Изменить размер шрифта - +
В проведении этих реформ Диккенс играл большую и несомненную роль, вот что главное. Если он — оптимист, то очень полезный и деятельный. Если он чересчур сентиментален, сантименты его весьма практичны.

Причина тому глубока, и, как во всем, что реально и по–настоящему хорошо, в ней кроется странное противоречие. Если мы хотим спасти угнетенных, нам необходимы два чувства, несовместимые на первый взгляд. Мы должны в одно и то же время и очень жалеть несчастных, и очень любить их, очень ценить. Мы должны горячо утверждать и то, что они пали, и то, что они достойные люди. Если мы уступим хоть немного в первом пункте, нам скажут, что их не за что спасать. Если уступим во втором, нам скажут, что их спасти невозможно. Оптимист возразит, что и так хорошо; пессимист — что хорошо все равно не будет. Мы же должны уразуметь и то, и другое; считать угнетенного и червем, и богом; и пусть нас обвиняют (или, если хотите, пускай льстят нам), говоря, что мы хотим усложнить проблему. По–моему, это соображение — самый сильный довод в пользу религиозного взгляда на жизнь. Если достоинство даровано человеку на земле, мы можем не заметить, что на земле он не так уж достоин.
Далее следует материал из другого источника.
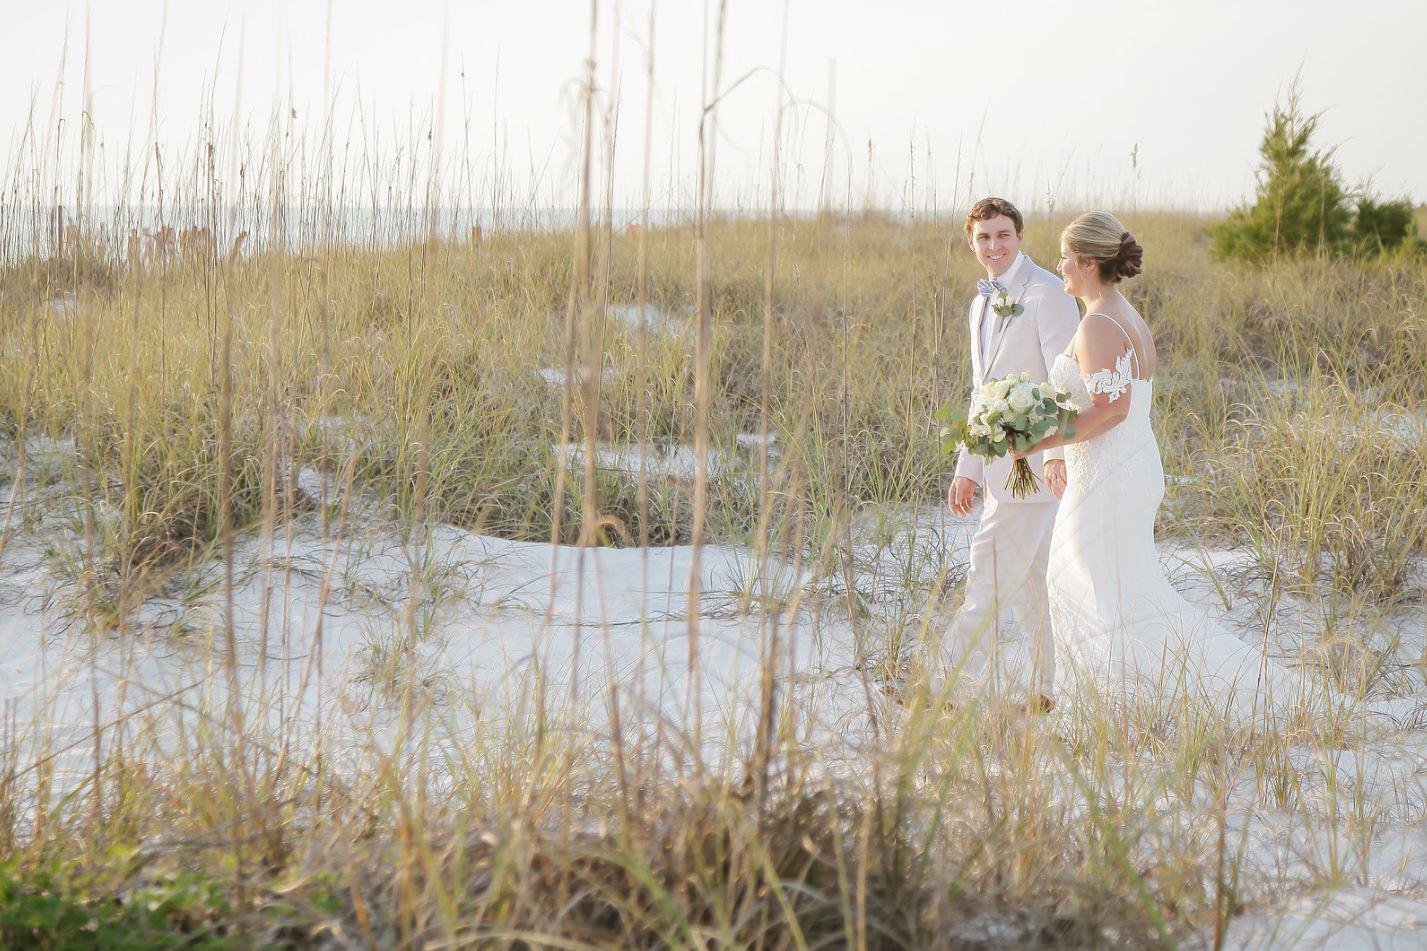 Jaime_wedding_photographer_027.JPG

Если достоинство это даровано небом, мы вправе смотреть на его земные пороки со всей прямотой Золя. Если у нас идеальное представление о другом мире, мы можем реально взглянуть на этот. Однако сейчас не в этом суть. Очевидно одно: и преклонение перед бедняком и тревога за него сами по себе не помогут изменить его участь. Если бедный слишком хорош, его не жалко; если он слишком жалок, то достоин лишь презрения. Самодовольные оптимисты не считают его бедняком. Ученые пессимисты не считают человеком.

Из–за этого постоянного противоречия на свете извечно существует два типа реформаторов. Назовем их, как принято, пессимистом и оптимистом. Первый исходит из того, что души гибнут; второй — из того, что их стоит спасти. Оба, конечно правы, но метод у них разный, и жизнь они видят по–разному. Реформатор–пессимист сообщает нам, сколько хорошего загубило угнетение. Реформатор–оптимист еще свирепей и радостней сообщает, сколько хорошего оно загубить не смогло. Первый доказывает, что рабство сделало людей рабами; второй — что они остались свободными. Первый рассказывает, как плохи люди в плохих условиях; второй — как они в этих условиях хороши…

Здесь мы должны отметить неоспоримый и довольно странный факт. Вопреки вероятию, оптимист преображает мир сильнее, чем пессимист. Глубокие, коренные перемены вызывают люди, слишком довольные жизнью. Тот, кто сказал: «Революцию не делают в розовых очках», не разбирался в жизни. Такие, как Руссо и Шелли, делали революции, и делали их именно в розовых очках — они слишком хорошо, слишком лестно думали о человеке. Вожди, сотрясающие землю (скажем, герой Нового завета), всегда окружены какой–то неземной кротостью и неземным спокойствием.

Нетрудно понять, почему побеждает прекраснодушный реформатор. Он побеждает, потому что поддерживает в нас несокрушимую веру, что игра стоит свеч, победа стоит борьбы, люди — освобождения. Помню, не так давно Уильям Арчер  напечатал в книге своих интервью разговор с Томасом Гарди. По его словам, этот прекрасный писатель заметил по ходу беседы, что не хочет сейчас обсуждать, стоит ли вообще жить на свете. Есть много зла, сказал он, которое можно исправить. А после мы успеем решить, нужна ли хорошая жизнь в самом лучшем своем виде. Здесь с немалым, хотя и бессознательным юмором объясняется неуспех пессимистов. Гарди предлагает нам даже не кота в мешке, а мешок на тот сомнительный случай, что в нем окажется кот. Помучаемся век–другой на благо человечества, а там уж «успеем решить», стоило ли нам стараться. Предположим, что мрут дети; мы из последних сил, ничего не жалея, бьемся за каждого ребенка, чтобы спросить потом, не лучше ли им было умереть? Мы должны своротить горы, чтобы родить благо и чтобы решать потом на досуге, зачем оно нам нужно.